Crop insurance was developed in 2001 as part of the government-sponsored agricultural insurance scheme. Most types of agricultural produce are covered by crop insurance against a broad range of perils, including natural disasters, fire, blight and damage caused by harmful insects, birds or wild animals. Typhoon, hail and spring frost are among the biggest perils, and the main insured crops are rice and fruit. The subsidy from the national and municipal governments covers up to 90% of the premium, with the insurance buyer's out-of-pocket contribution remaining relatively small. In addition, 100% of insurance operating expenses are also subsidized.

The only insurer which is authorized to write subsidized crop business is NongHyup Property & Casualty Insurance, which sets premium rates in collaboration with the government. Other insurers can participate in the crop insurance market as co-reinsurers along with the government. The co-reinsurance panel cedes to Korean Re, which retrocedes to foreign reinsurers. Livestock risks are written directly by several insurers including NongHyup Property & Casualty Insurance, KB Insurance, DB Insurance, Hanwha General Insurance, and Hyundai Marine & Fire Insurance.

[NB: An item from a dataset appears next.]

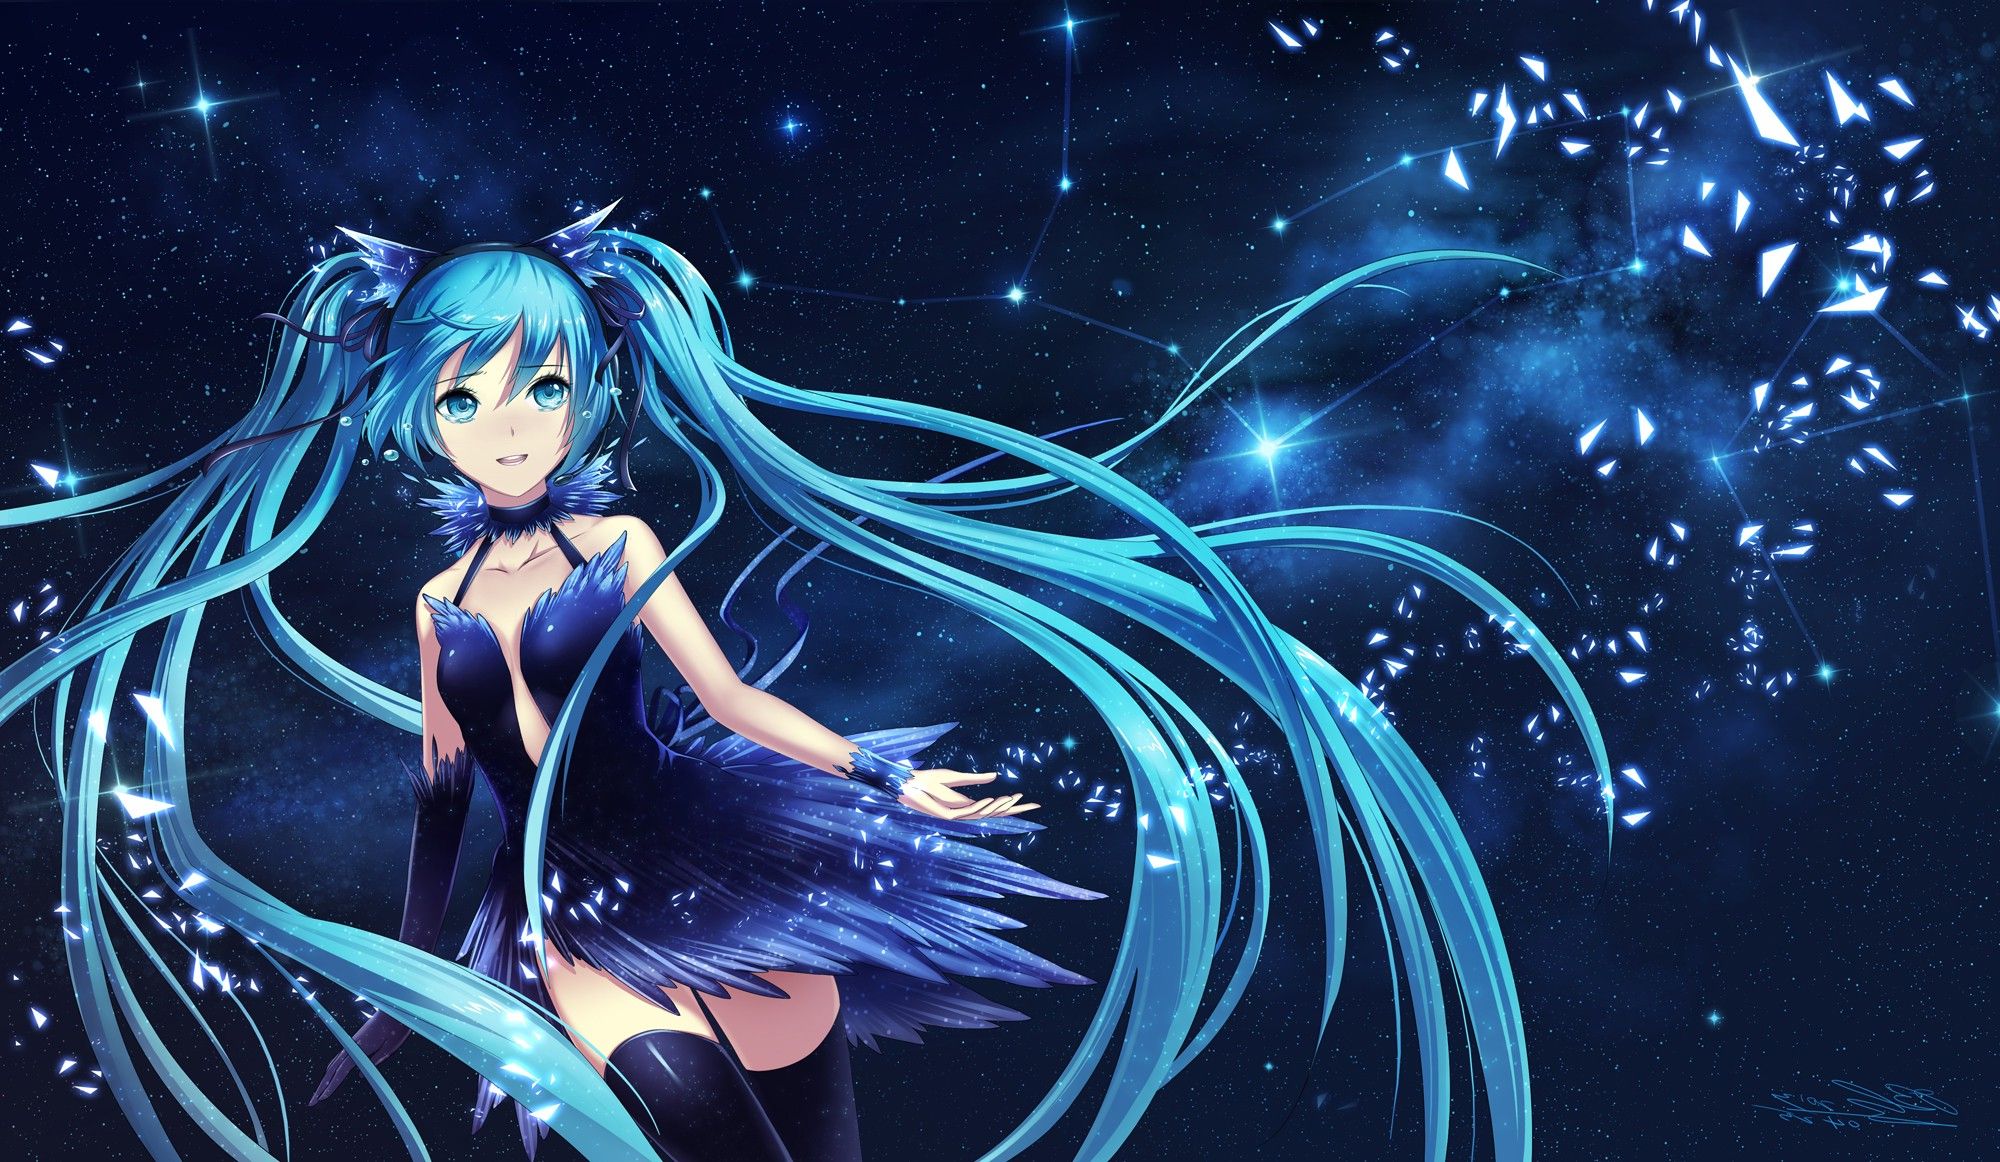 Cute anime girl with blue hair wallpaper - wide 5

Among farmers, there has been a rising need for risk management through insurance programs amid the increasing frequency and severity of extreme weather events driven by climate change. As of 2022, the crop insurance take-up rate soared to 49.9% compared to 13.6% in 2010. The portion of farmers buying livestock insurance stood much higher at 94.6% in 2022, up from 53.1% in 2010.

 

 

In January 2023, the Ministry of Agriculture, Food and Rural Affairs announced measures to improve the agricultural insurance scheme in ways that help the farming industry build resilience to natural disasters and enhance the fundamentals of the insurance programs that can provide fair, reasonable and sustainable insurance protection.

To this end, the government targets to increase the number of insured farming households by 15% to 630,000 by 2027 and raise the number of covered crops from 70 in 2023 to 80 in 2027. Insurance pricing will also be improved to better reflect risk levels of farmers. While a more granular rating system based on smaller geographical units is currently applicable to apples and pears only, the rating method will be applied further to rice, astringent and non-astringent persimmons in 2024. This more granular rating system will help prevent a high loss ratio in a particular community from affecting premium rates in others within the same county.